Становилось жарко. Пахло застарелым потом от его рубашки, он расстегнул ее, а она снова быстро взглянула на него краешком глаза. На коленку ей села муха, быстро пробежала вниз по голени и исчезла во вспоротой щуке, жабры которой еще немного двигались. Де Лоо провел травинкой по другой ее ноге, снизу вверх. Она, смеясь, ударила его.
— Какой ты тощий… Подожди, мне надо принять душ.

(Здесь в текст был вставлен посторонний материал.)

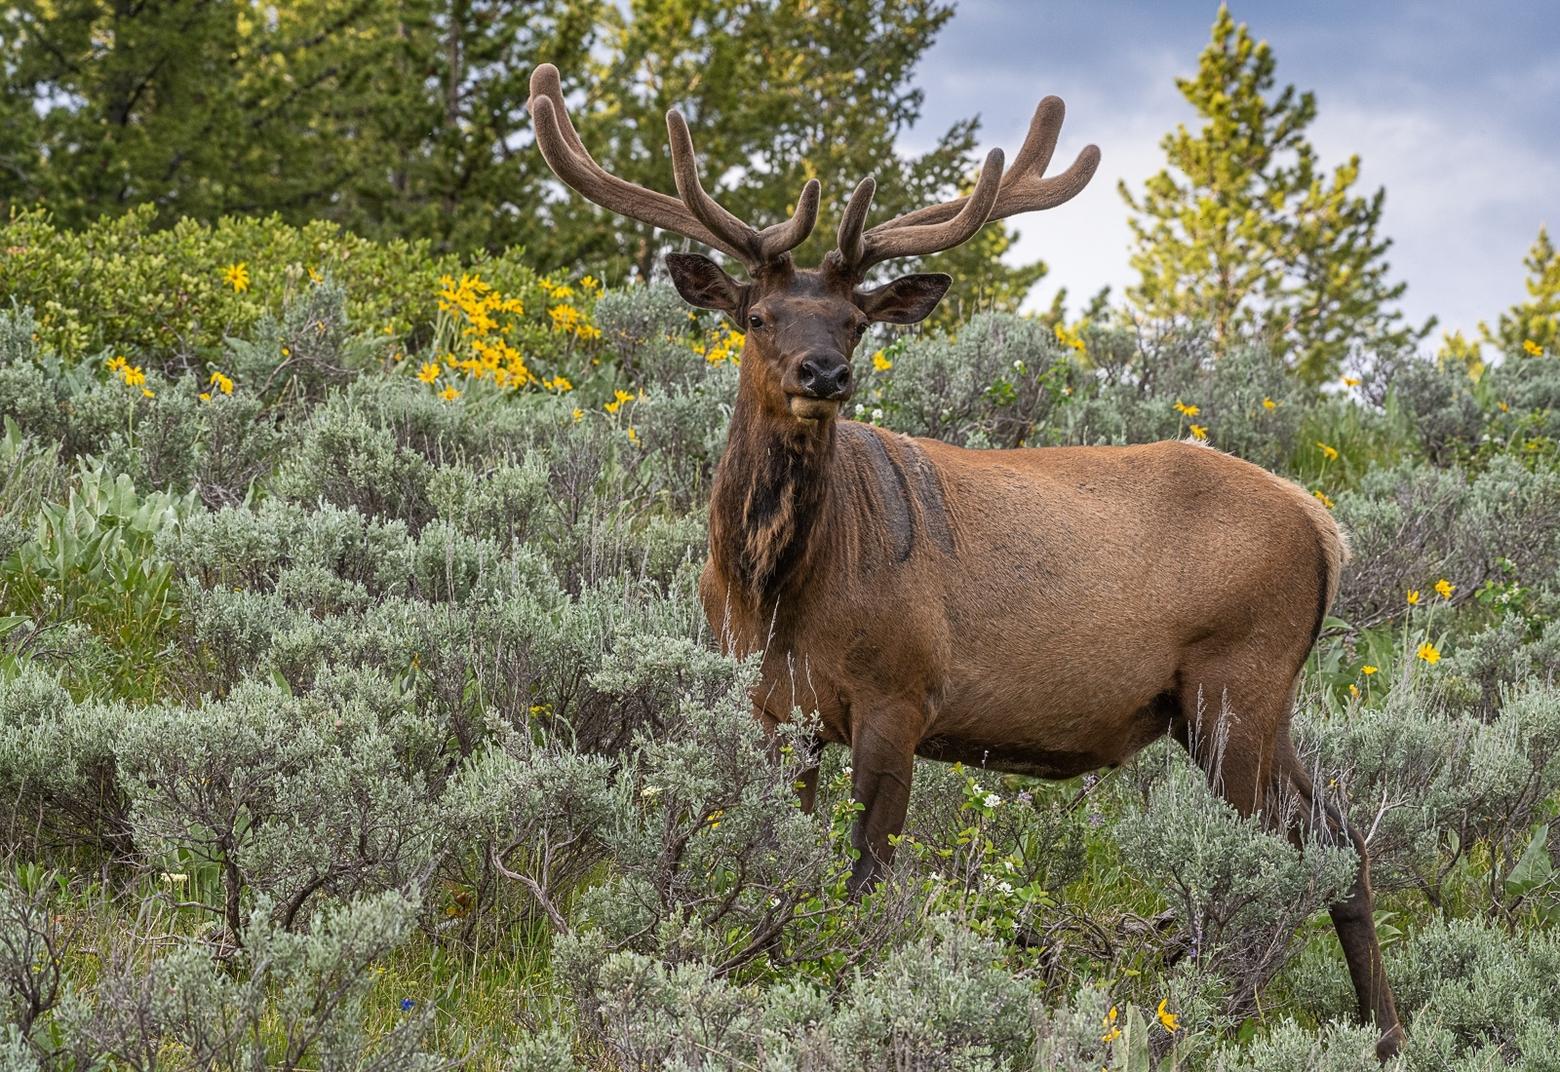 Bull elk in velvet, Grand Teton National Park. It was a rare privilege to photograph this elk for over an hour. Moving slowly and maintaining a safe distance is less of a disturbance to wildlife. Photo by Howie Garber

Она встала, но он крепко схватил ее за лодыжку и смотрел из-под ее грудей ей в глаза. Она явно насмешливо оглядела его джинсы и то, что обозначилось в них.
— Иди сюда, — сказал он. — Ты даже еще не вспотела как следует…
Муха вылезла промеж зубов, когда она наклонилась и схватила щуку за хвостовой плавник.
— Оставь, Симон. Я не могу с тобой здесь этим заниматься. У травы тысяча глаз. Да и Марек где-то рядом. Поляки, знаешь, жуткие католики.
— Ну давай переплывем на тот берег, укроемся в лесу.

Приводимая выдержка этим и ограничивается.